*** Raw data ***
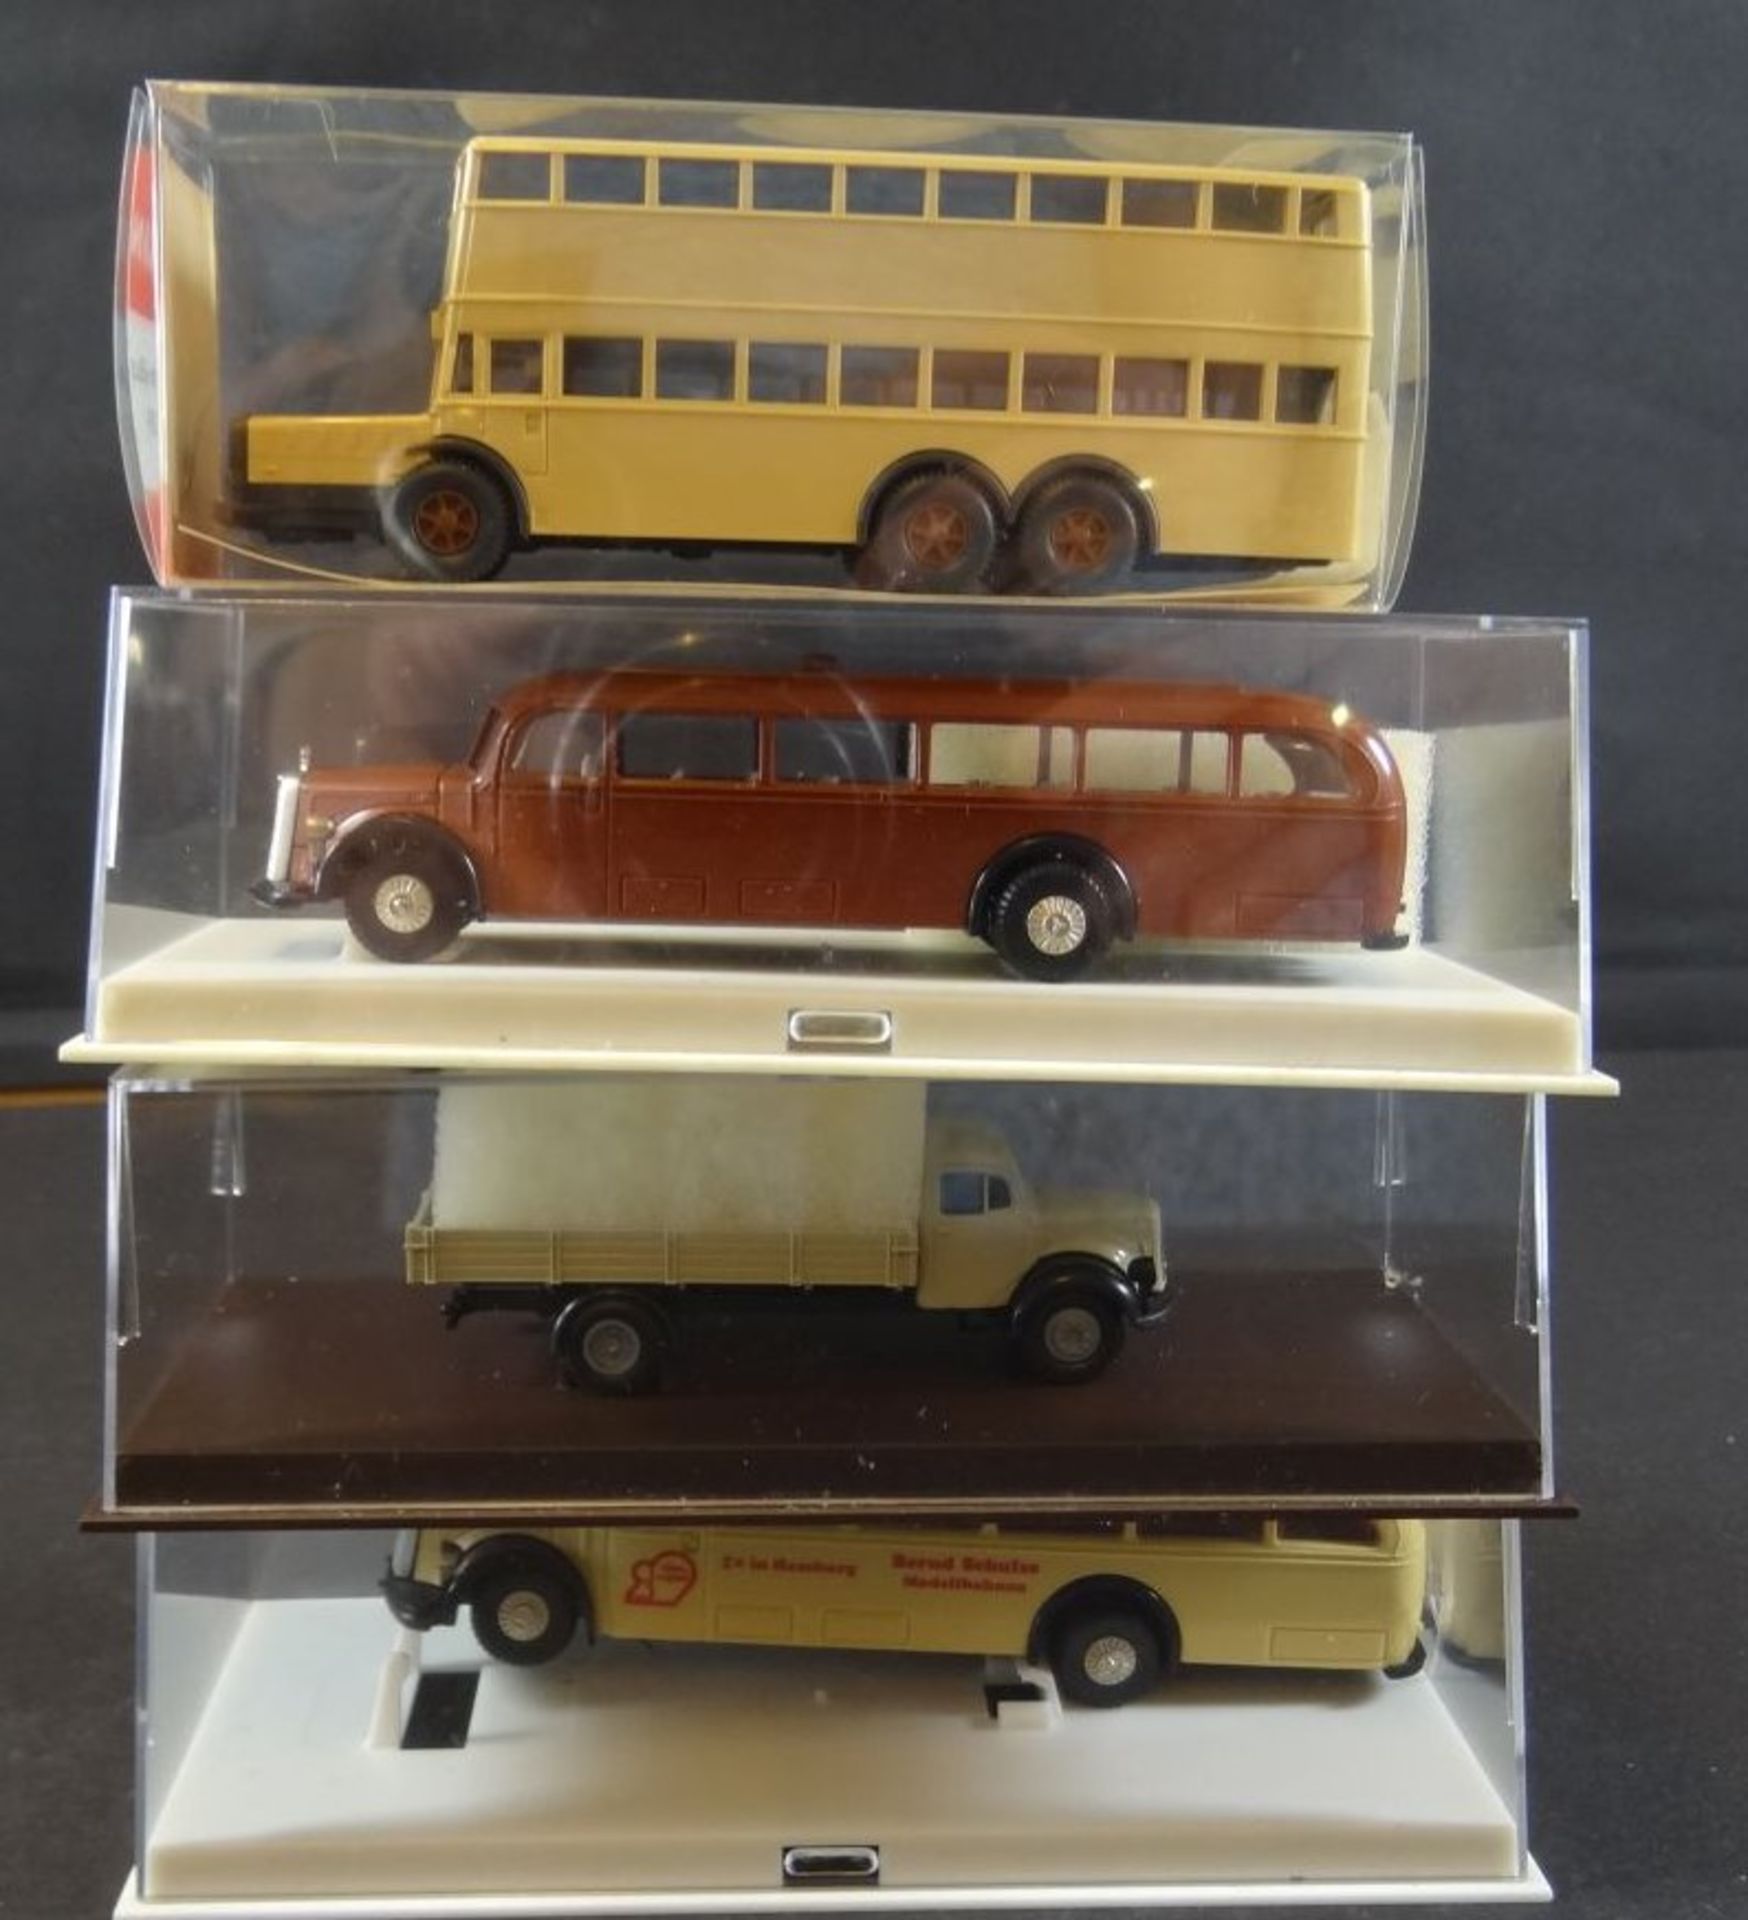 Karton mit 9 Modellautos bzw. Bussen, LKW, hpts. Wiking, tw. boxed - Bild 4 aus 8
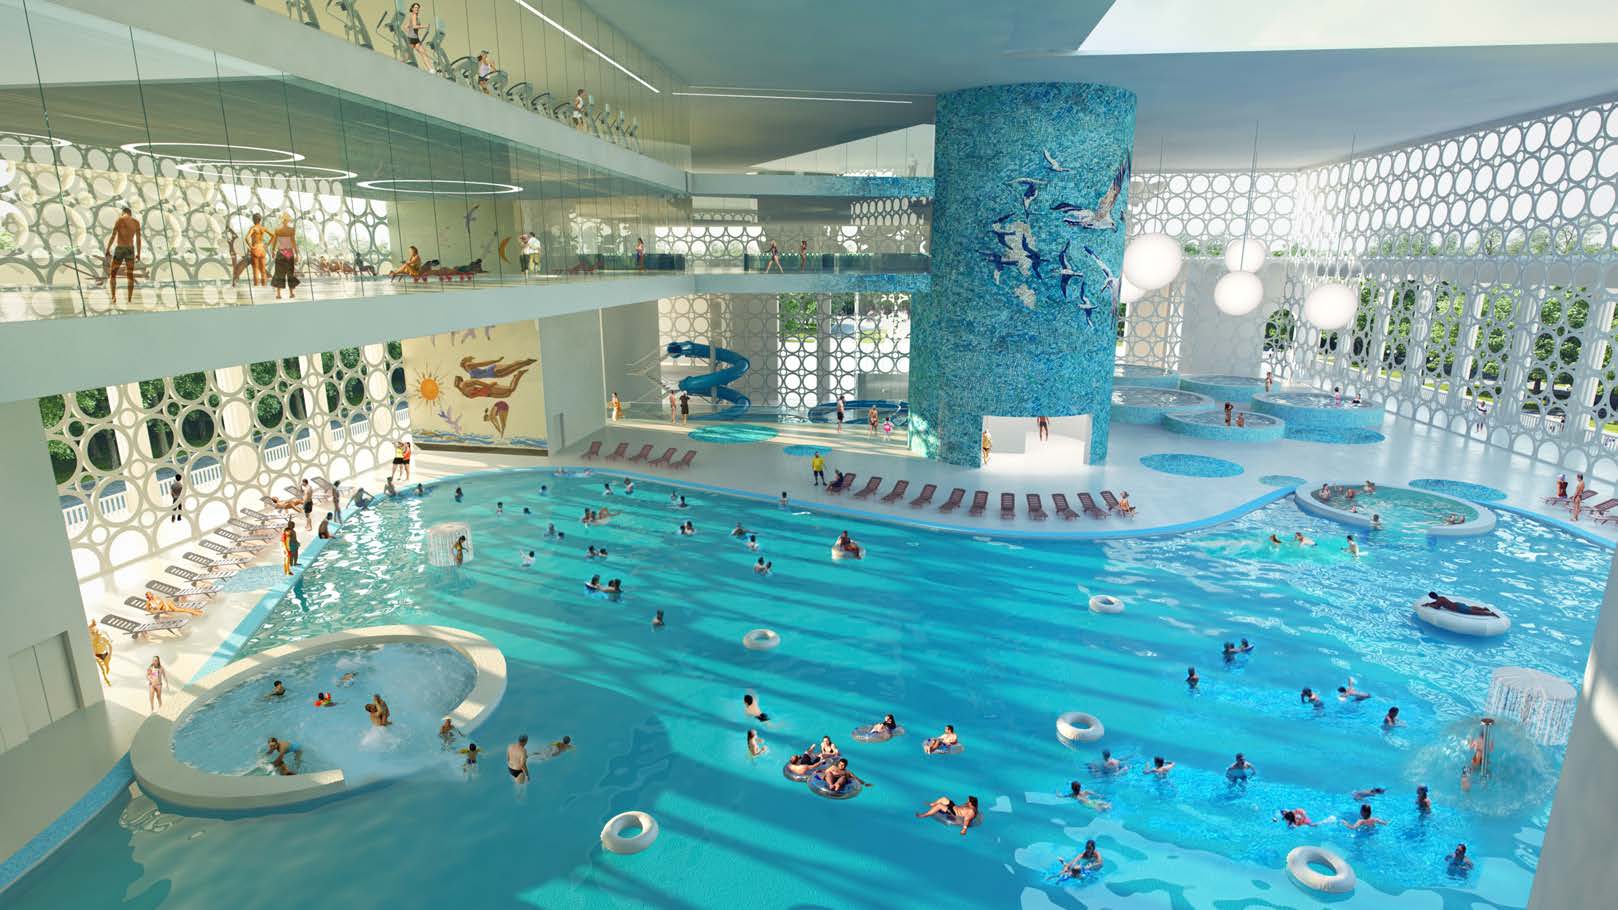 Reconstruction of Luzhniki pool
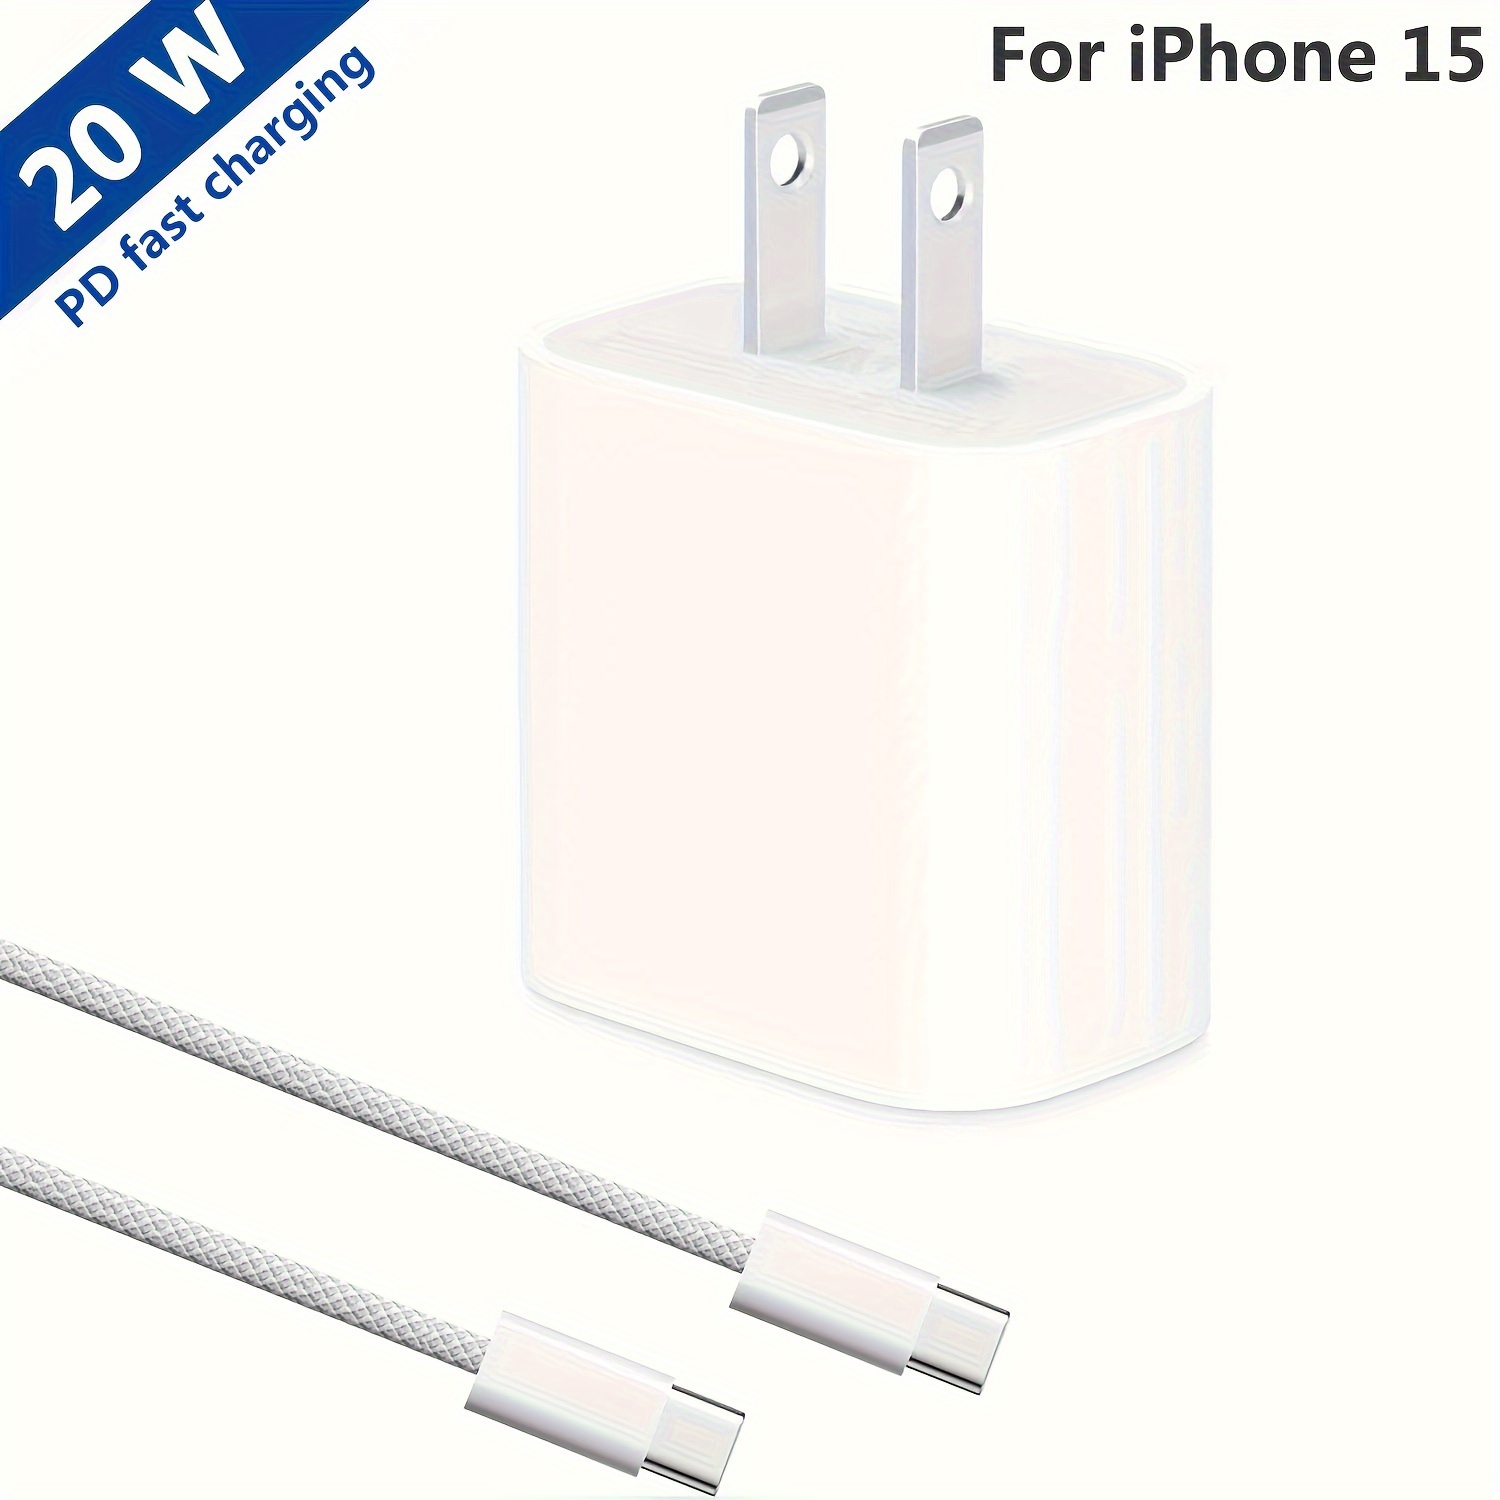  Cargador para iPhone 15 y cable tipo C a C de 6 pies de largo,  bloque de carga rápida USB C de 20 W, enchufe de pared, adaptador de  corriente de
***
■ Exercise description: Every line above should be retyped exactly; the pictures do not belong in the copy.

■ Exercise output:
 Karton mit 9 Modellautos bzw. Bussen, LKW, hpts. Wiking, tw. boxed - Bild 4 aus 8
 Reconstruction of Luzhniki pool
  Cargador para iPhone 15 y cable tipo C a C de 6 pies de largo,  bloque de carga rápida USB C de 20 W, enchufe de pared, adaptador de  corriente de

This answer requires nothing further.